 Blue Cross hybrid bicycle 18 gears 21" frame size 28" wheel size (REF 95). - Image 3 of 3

——————

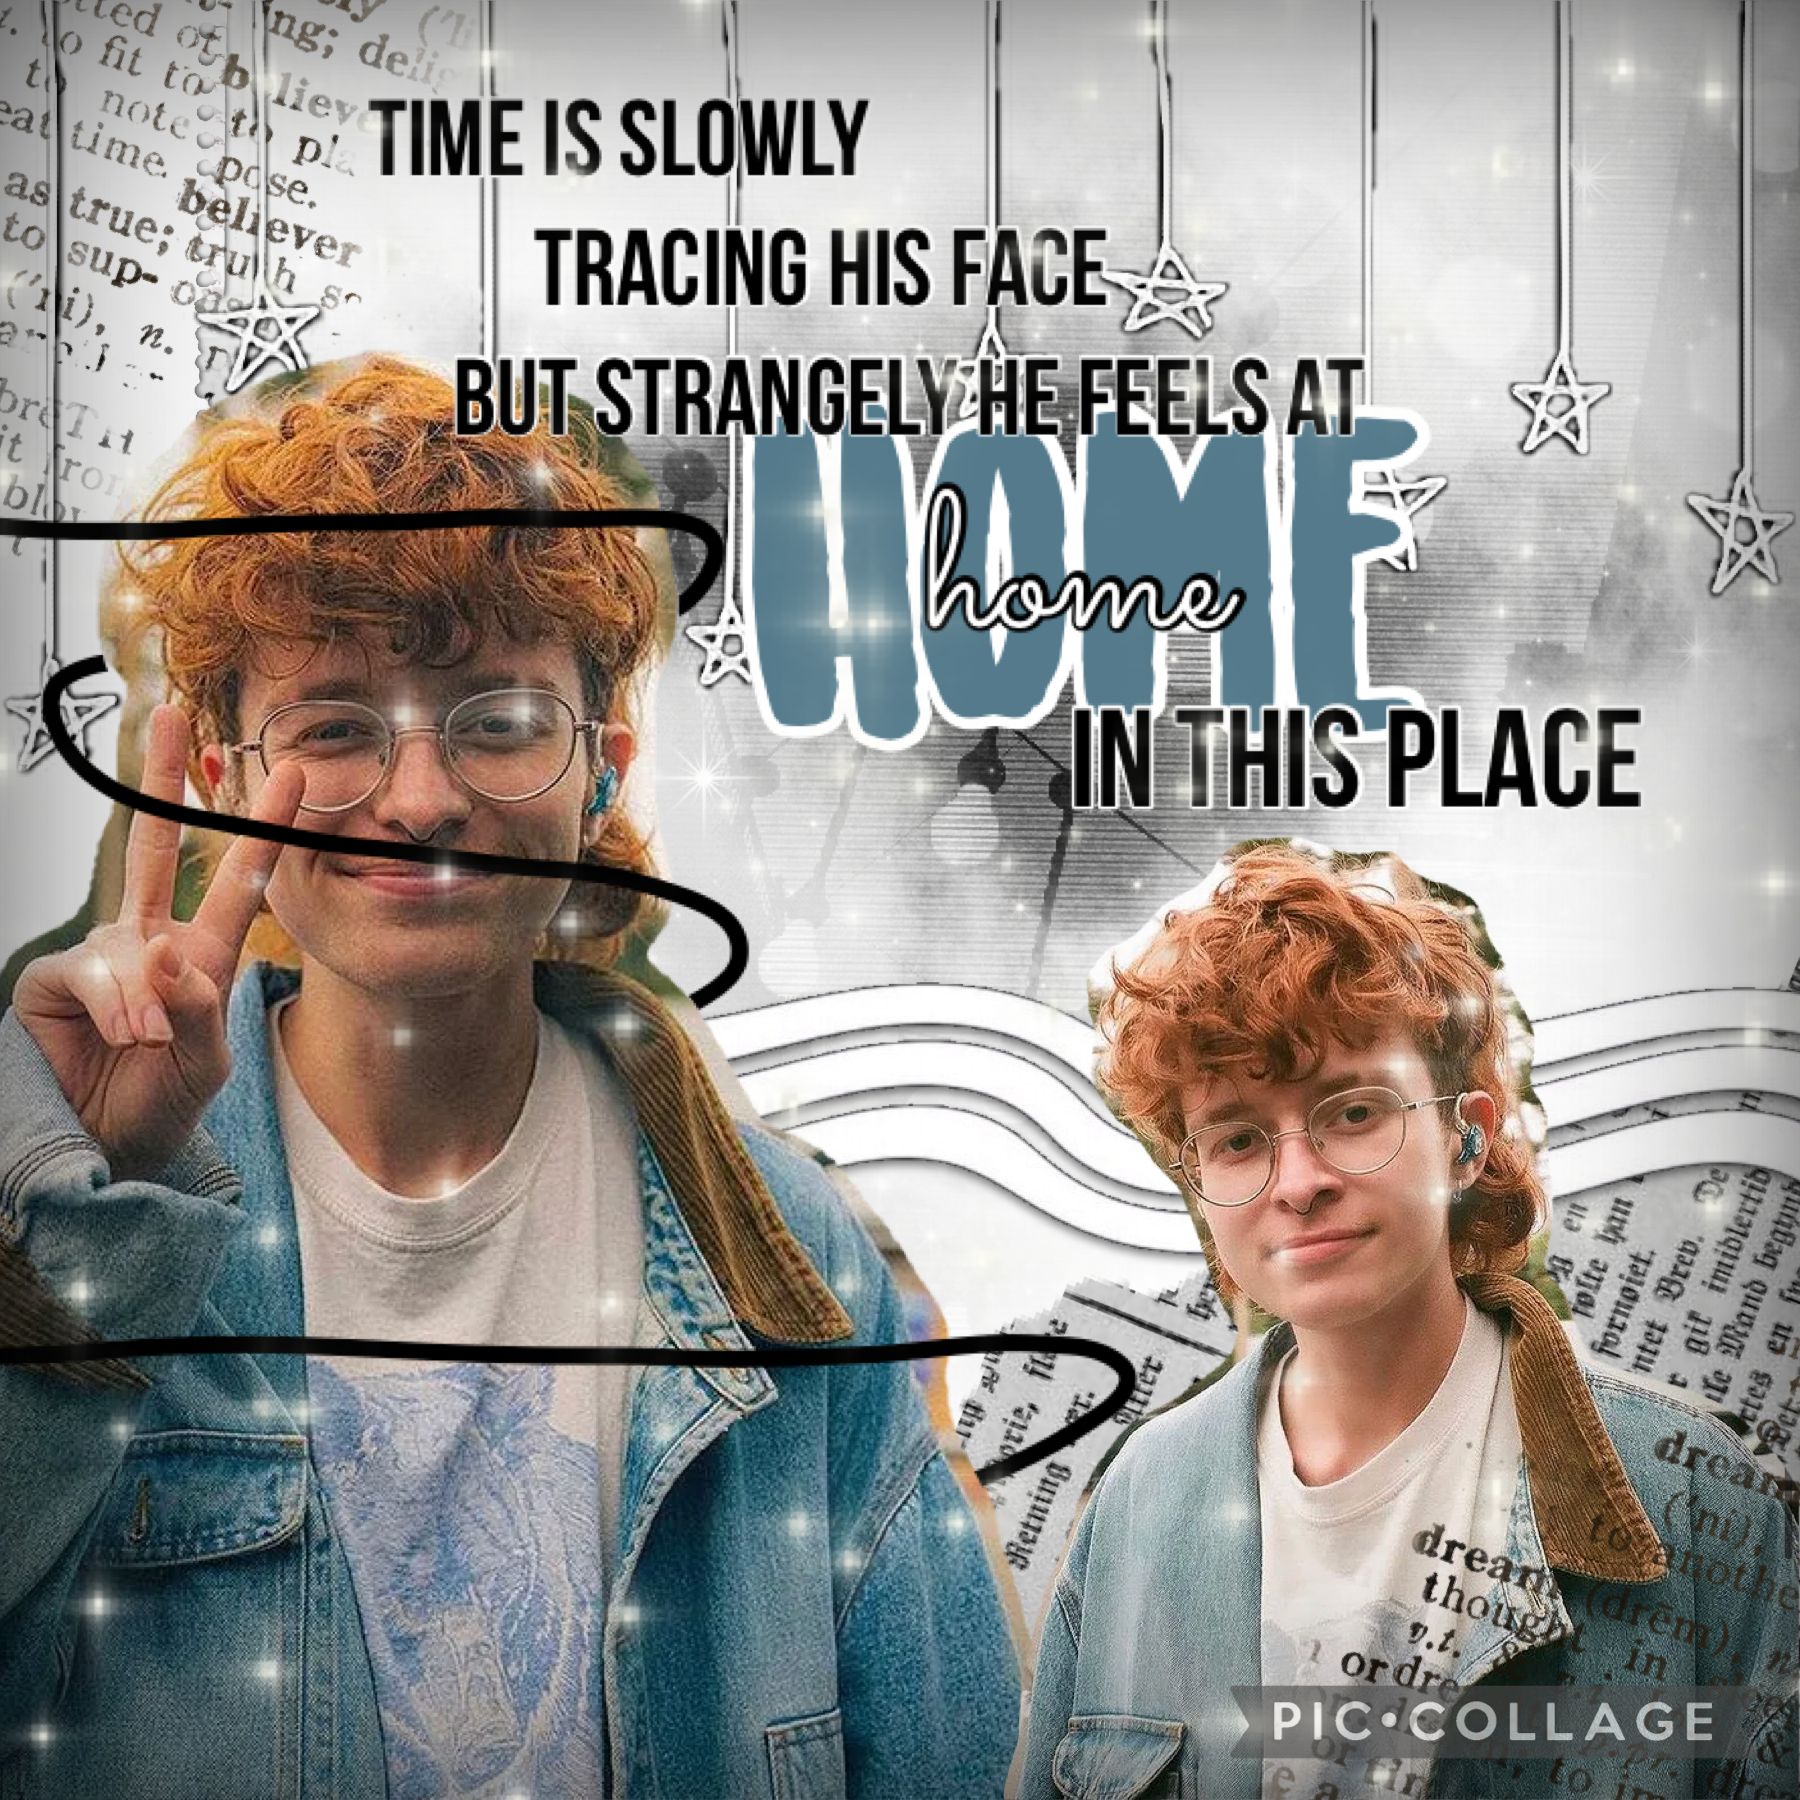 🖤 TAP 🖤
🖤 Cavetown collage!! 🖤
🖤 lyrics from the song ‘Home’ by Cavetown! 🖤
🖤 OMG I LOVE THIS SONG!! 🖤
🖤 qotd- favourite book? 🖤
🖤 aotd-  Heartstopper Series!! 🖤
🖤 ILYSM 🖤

——————

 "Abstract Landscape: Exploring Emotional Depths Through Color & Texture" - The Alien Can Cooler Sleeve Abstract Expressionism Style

——————

Brief: Among the lines of the listing above, which ones contain the word "Cavetown"? Show them.

Your response:
🖤 Cavetown collage!! 🖤
🖤 lyrics from the song ‘Home’ by Cavetown! 🖤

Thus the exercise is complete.